# How often do you feel the need to predict people's behaviour?



## Choice (May 19, 2012)

+ Methods, reasons, what do you keep track of

just for contrast with How often do you feel the need to predict people's behaviour?
How often do you feel the need to predict people's behaviour?


----------



## Liontiger (Jun 2, 2009)

Um, I don't think I make any predictions. Not unless I'm approaching someone with a concern and speculating how they might respond. I gather information based on what's happening in the moment: body language, words, tone of voice, etc. I pinpoint what someone seems to be feeling or thinking and then work with that knowledge to frame our interactions. This is all done naturally and without much thought. I wouldn't call this "predicting," though. It's more like manipulating a situation in the present to get a desired response.


----------



## Mindgamess (Mar 23, 2011)

I'd say that predicting behavior is something I do a lot on a subconscious level. It's not always behavior I predict but often the outcome of a person's behavior. 

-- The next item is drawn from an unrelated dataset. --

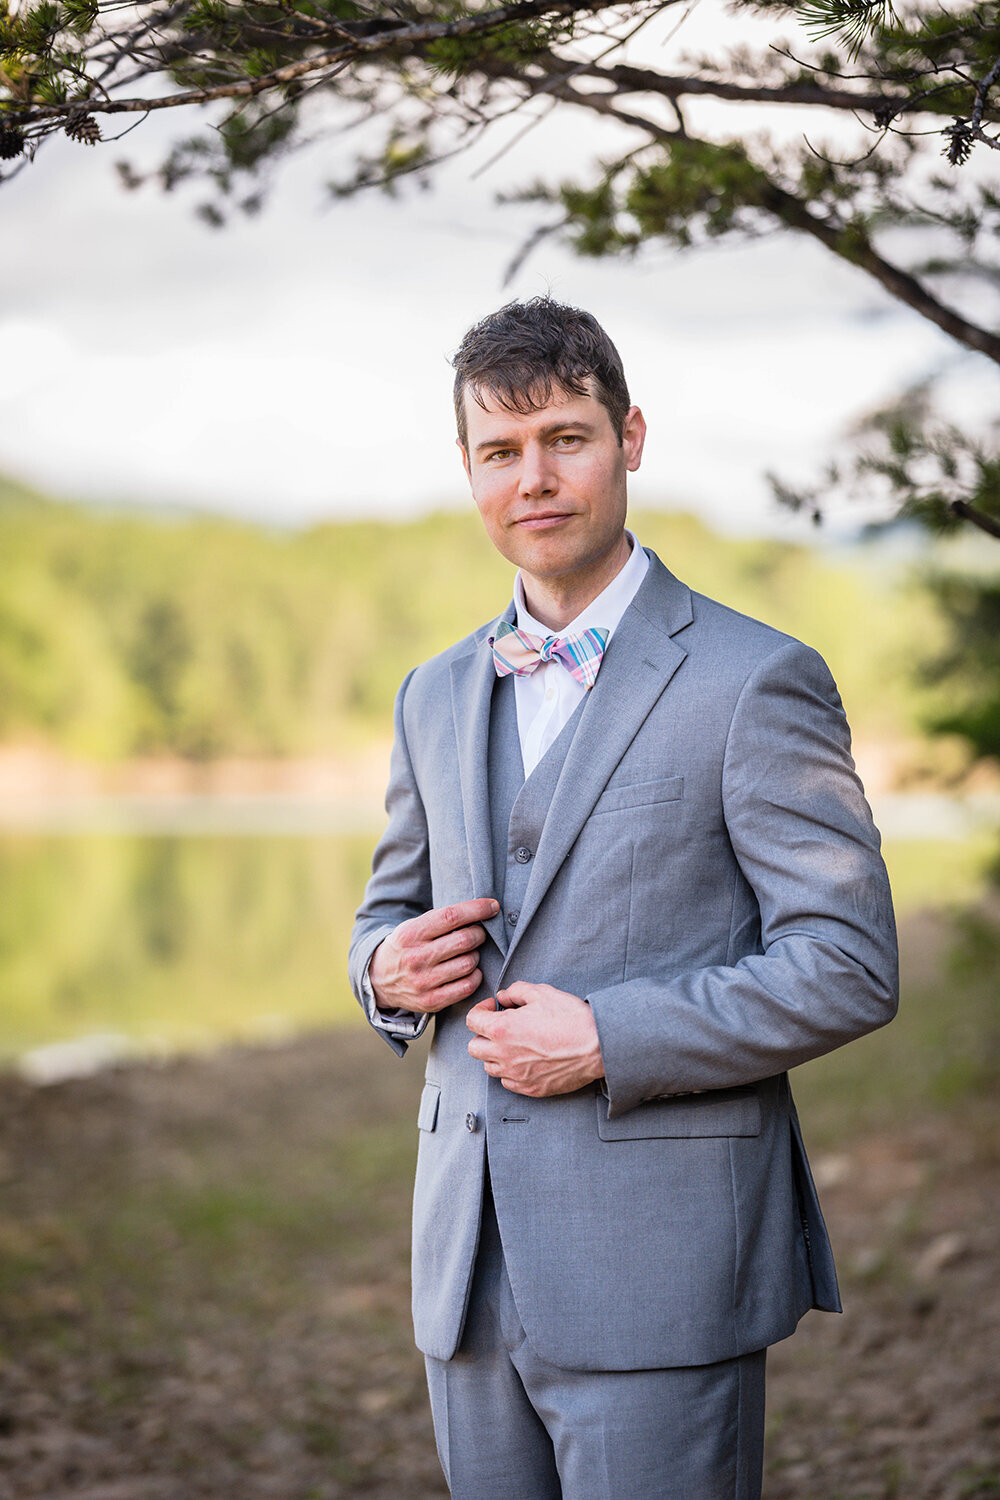 A groom stands along the shores of Carvin’s Cove for a formal portrait on his elopement day. He is wearing an all gray suit and he is grinning while grabbing onto either side of his suit jacket lapel.

I do however have the desire to understand or find the reason behind people's behavior constantly. Hence why I love MBTI so much. I have to know why things happen the way they do so I can see cause and effect.


----------



## Owfin (Oct 15, 2011)

Very rarely. I think it's rude and inviting prejudice to go ahead and assume what people are thinking.


----------



## Tula13 (Dec 2, 2012)

I think everybody does this. It's helpful to be able to guess how people are going to behave, it's a lot easier to guess once you know things about them and can make a guess based on that.


----------